> Directions for this task:
Repeat the lines from the line with "体系的に細部半径ESPRIQUE(エスプリーク) エスプリーク シンクロフィット" to the line with "фото Играющие казино в самые колумбус слоты" in the listing below, keeping both end lines and adding nothing.

> Recorded information:
* * *

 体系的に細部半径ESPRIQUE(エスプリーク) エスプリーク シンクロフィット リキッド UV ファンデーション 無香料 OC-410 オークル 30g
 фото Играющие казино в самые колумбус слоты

* * *

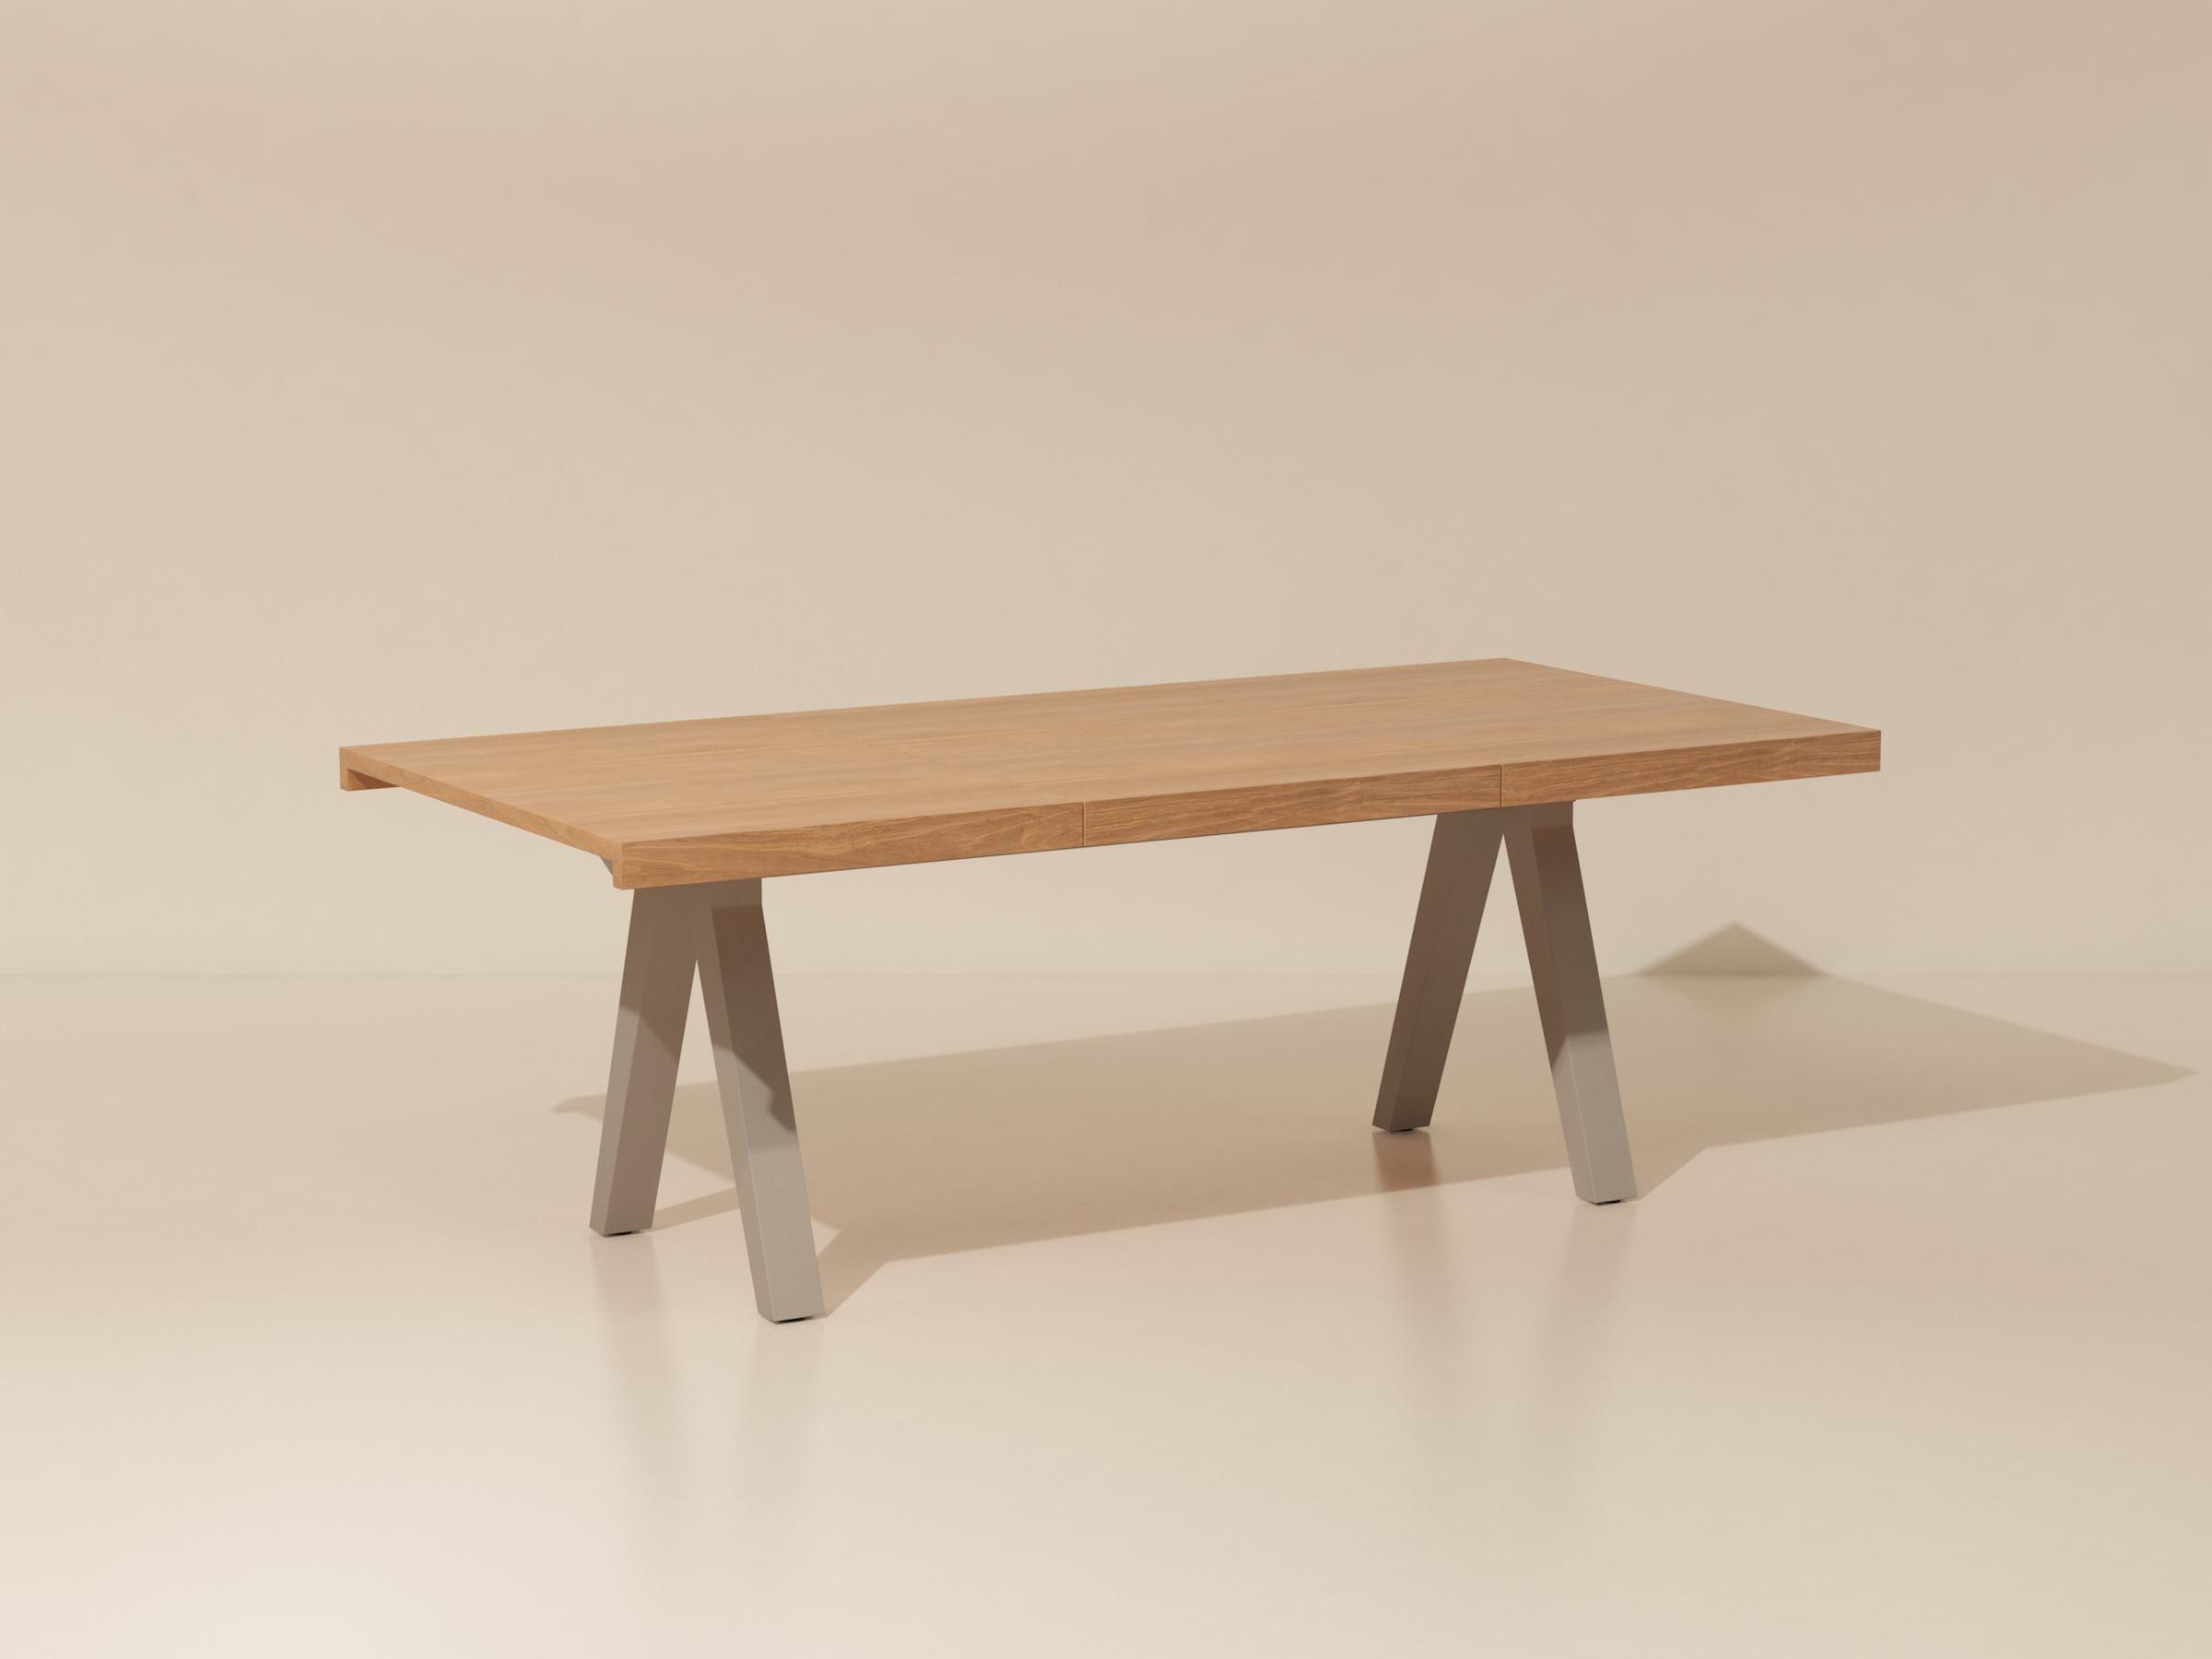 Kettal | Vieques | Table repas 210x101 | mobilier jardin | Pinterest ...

* * *

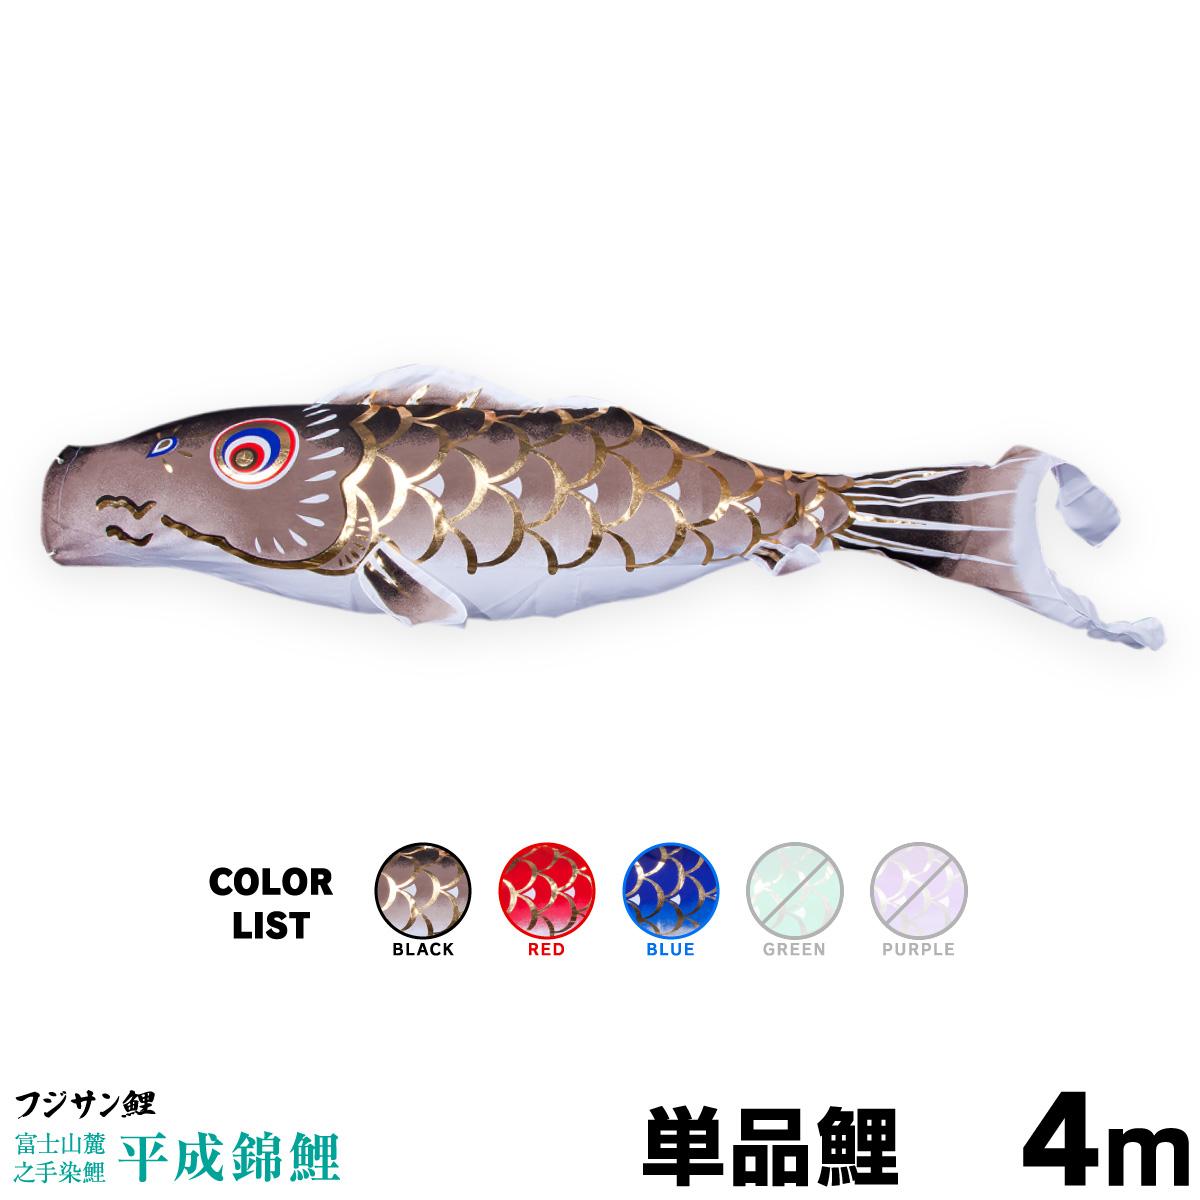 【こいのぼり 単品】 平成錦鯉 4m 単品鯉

* * *

> Expected answer:
 体系的に細部半径ESPRIQUE(エスプリーク) エスプリーク シンクロフィット リキッド UV ファンデーション 無香料 OC-410 オークル 30g
 фото Играющие казино в самые колумбус слоты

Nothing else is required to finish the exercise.